2. What Are Containers?
Containers abstract applications from the environment in which they run by providing a logical packaging mechanism. But, what are the benefits of this abstraction? Well, containers allow us to deploy applications in any environment easily and consistently.
We can develop an application on our local desktop, containerize it, and deploy it on a public cloud with confidence.
The concept is not very different from virtual machines, but how containers achieve it is quite different. Virtual machines have been around far longer than containers, at least in the popular space.
If we recall, virtual machines allow us to run multiple guest operating systems on top of the host operating system with the help of a virtual machine monitor like a hypervisor.
Both virtual machines and containers virtualize access to underlying hardware like CPU, memory, storage, and network. But virtual machines are costly to create and maintain if we compare them to containers:
As we can see in the image above, containers virtualize at the level of the operating system instead of virtualizing the hardware stack. Multiple containers share the same operating system kernel.
This makes containers more lightweight compared to virtual machines. Consequently, containers start much faster and use far fewer hardware resources.
3. Early Evolution of Containers
Now that we understand what containers are, it’ll be helpful to understand how they’ve evolved to put things in perspective.

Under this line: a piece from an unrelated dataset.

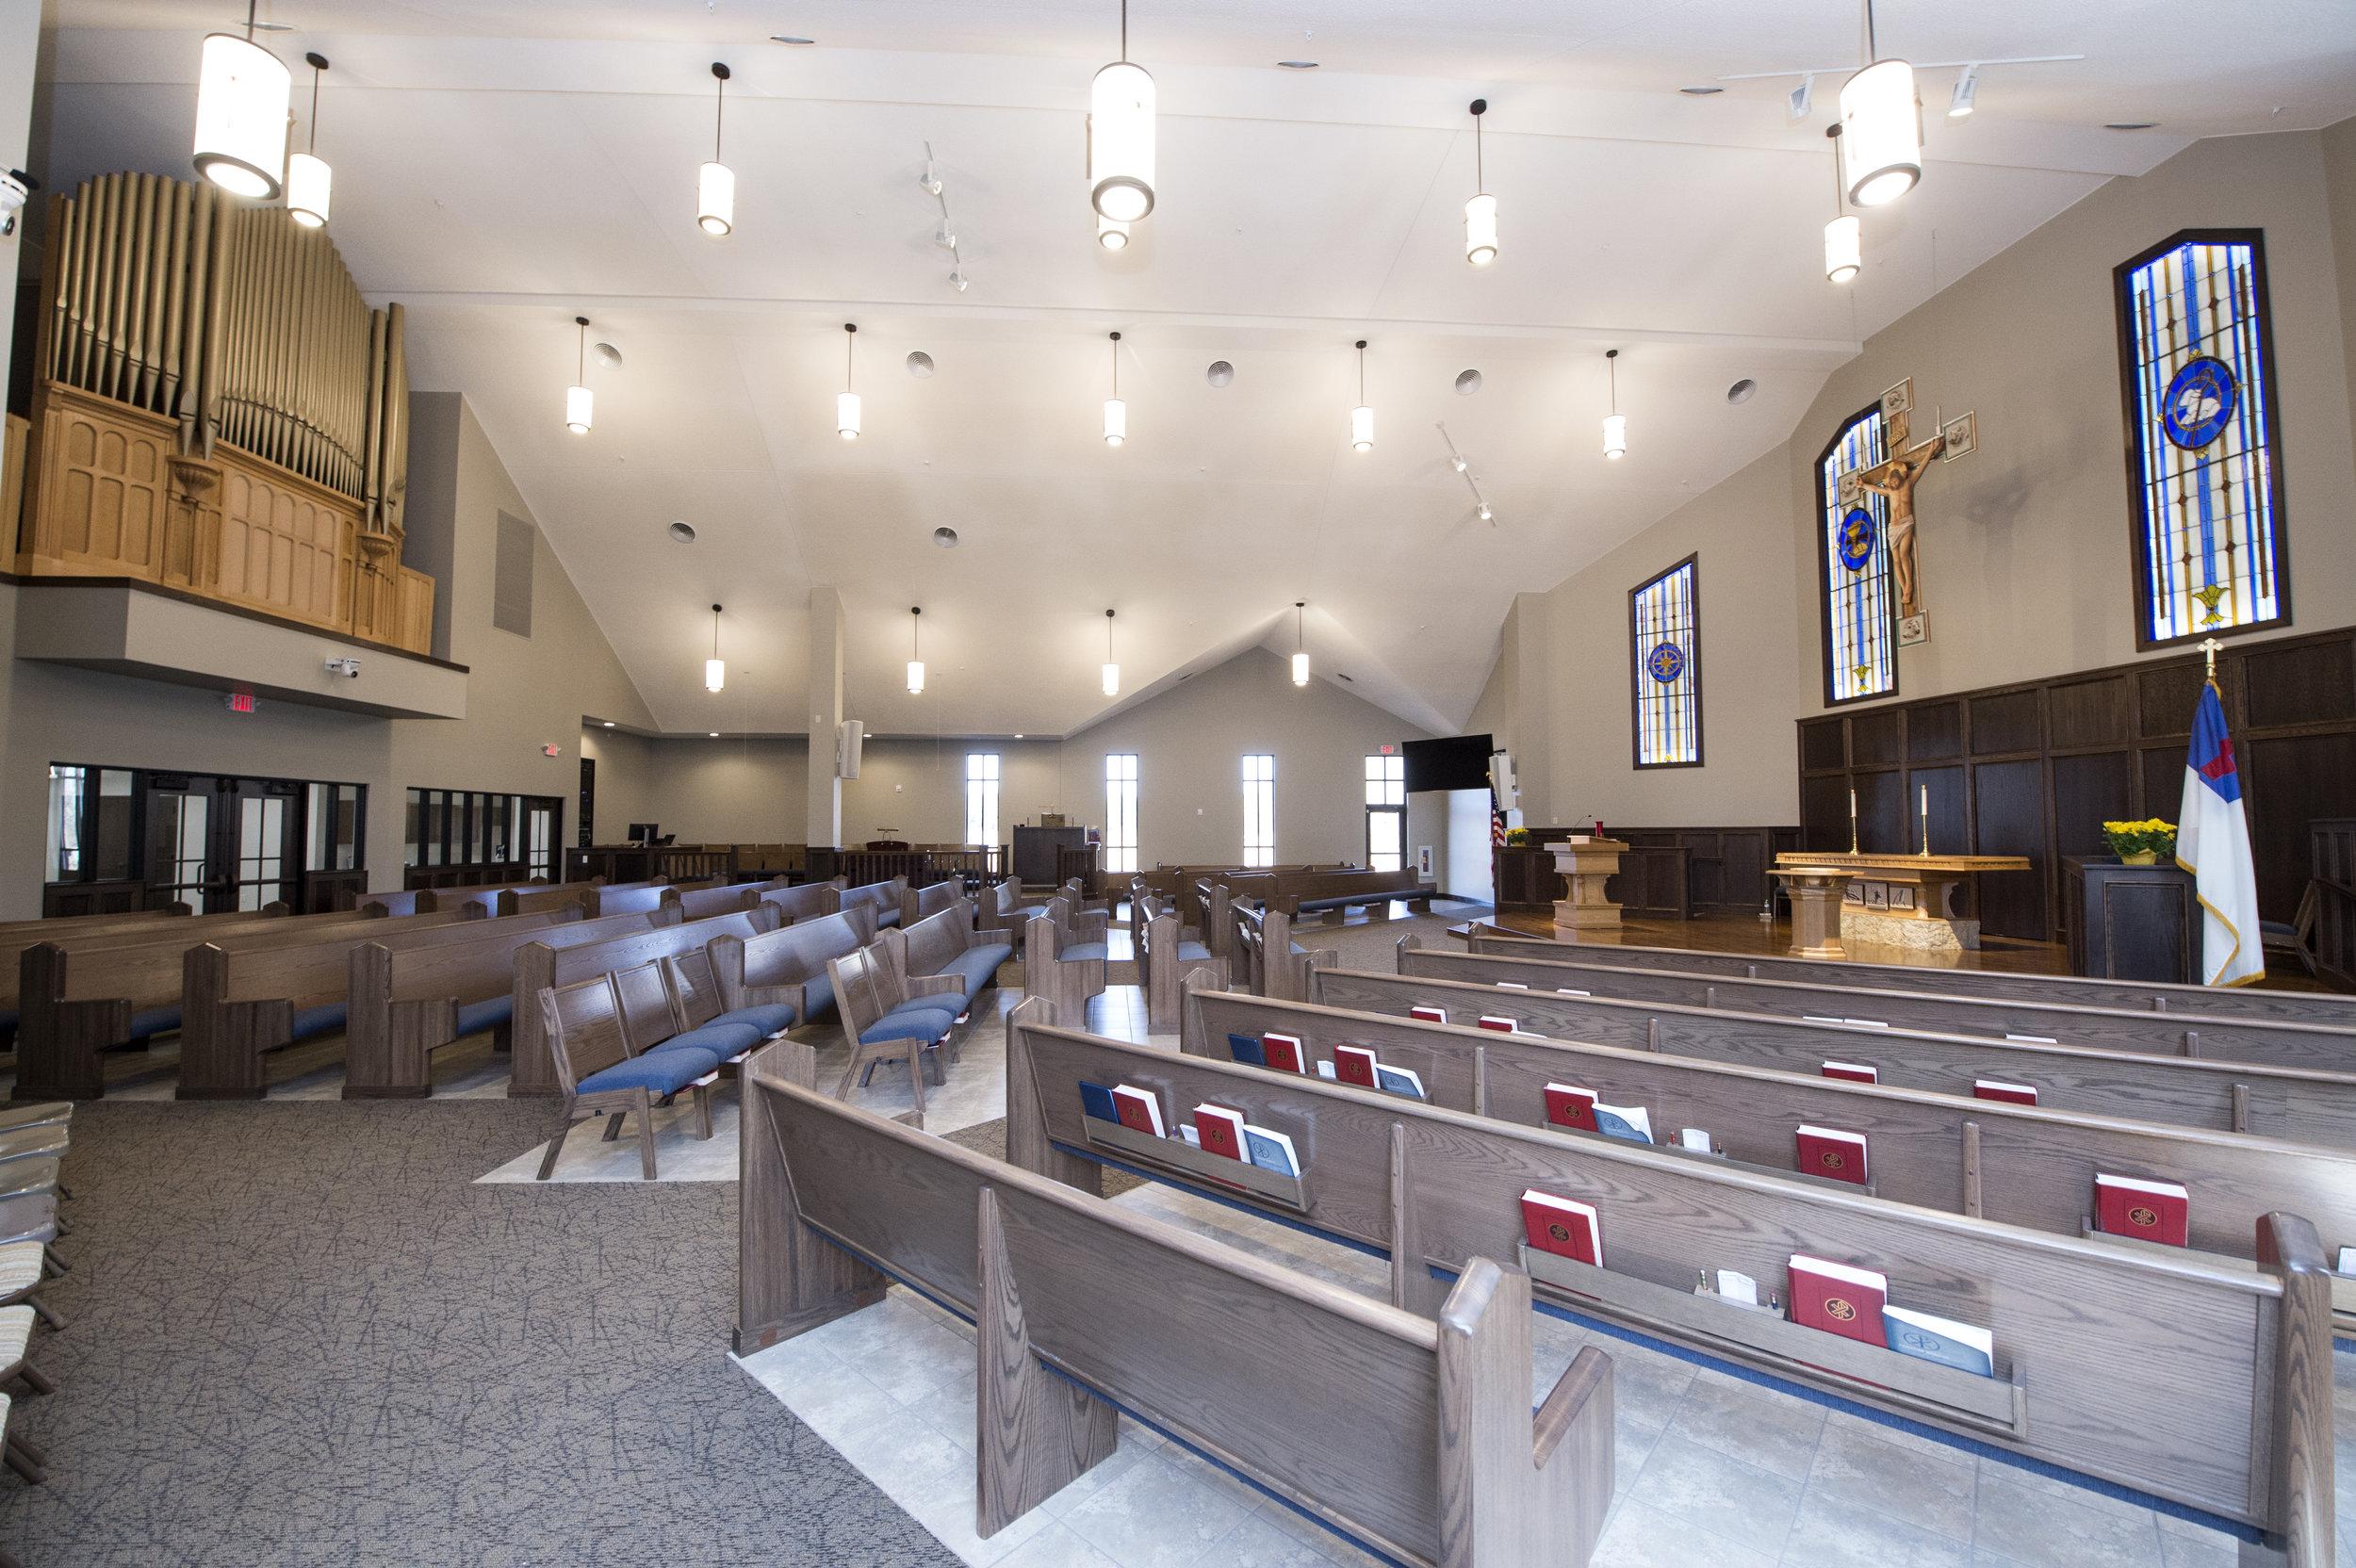 Bethlehem Lutheran Church View of the Sanctuary

Although the mass appeal for containers among developers is quite new, the concept of containers in some shape and form has been around for decades.

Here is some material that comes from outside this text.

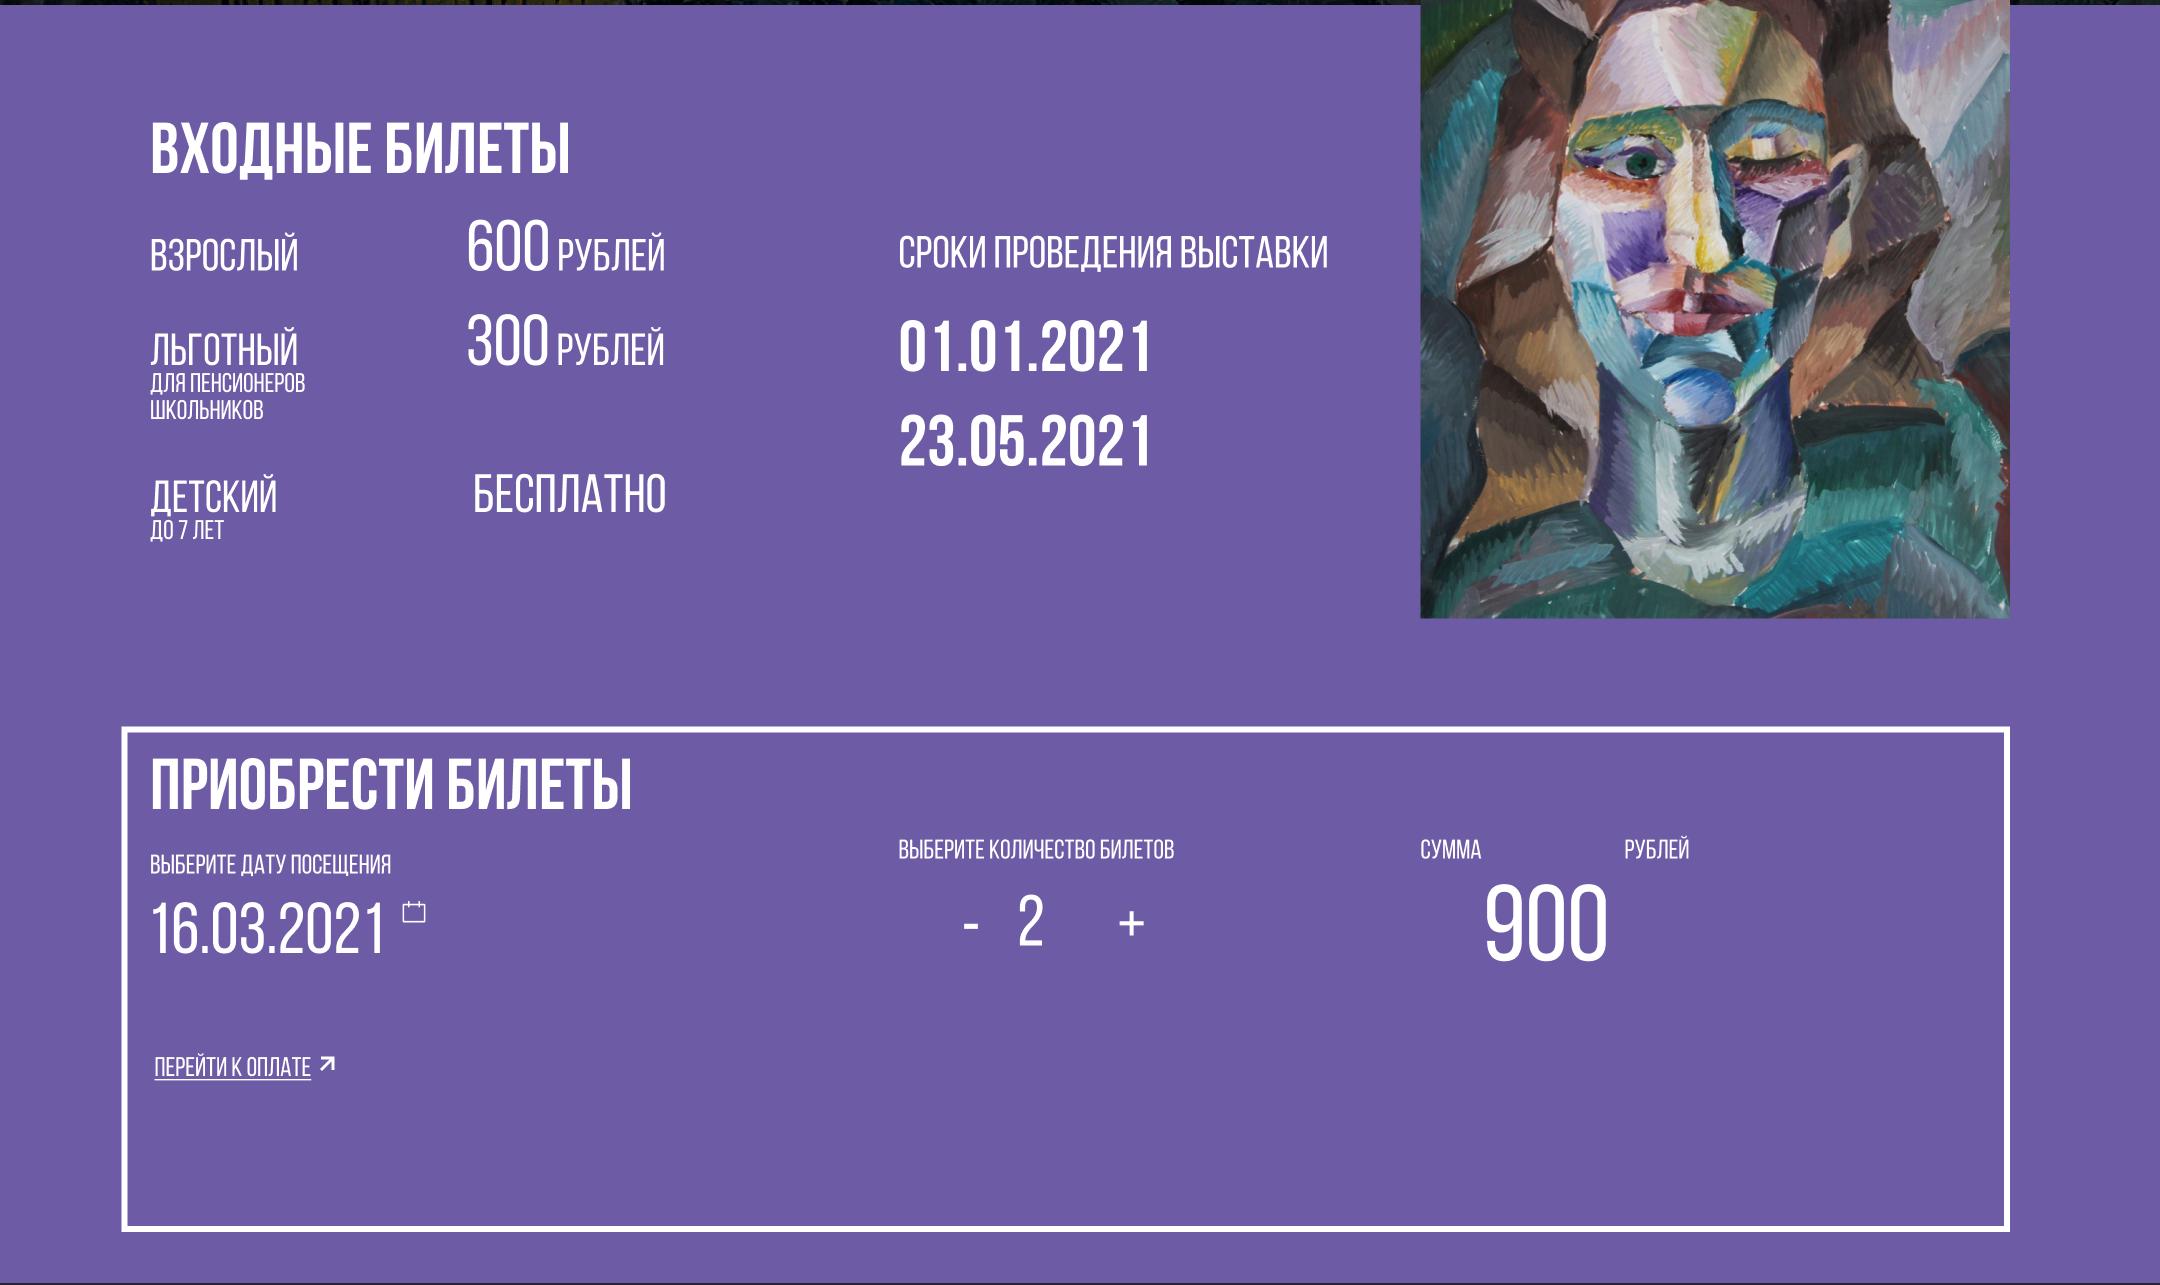 8001415713

The main concept of containers is to provide isolation to multiple processes running on the same host. We can trace back the history of tools offering some level of process isolation to a couple of decades back. The tool chroot, introduced in 1979, made it possible to change the root directory of a process and its children to a new location in the filesystem.
Of course, chroot didn’t offer anything more than that in terms of process isolation. A few decades later, FreeBSD extended the concept to introduce jails in 2000 with advanced support for process isolation through operating-system-level virtualization. FreeBSD jails offered more explicit isolation with their own network interfaces and IP addresses.
This was closely followed by Linux-VServer in 2001 with a similar mechanism to partition resources like the file system, network addresses, and memory. The Linux community further came up with OpenVZ in 2005 offering operating-system-level virtualization.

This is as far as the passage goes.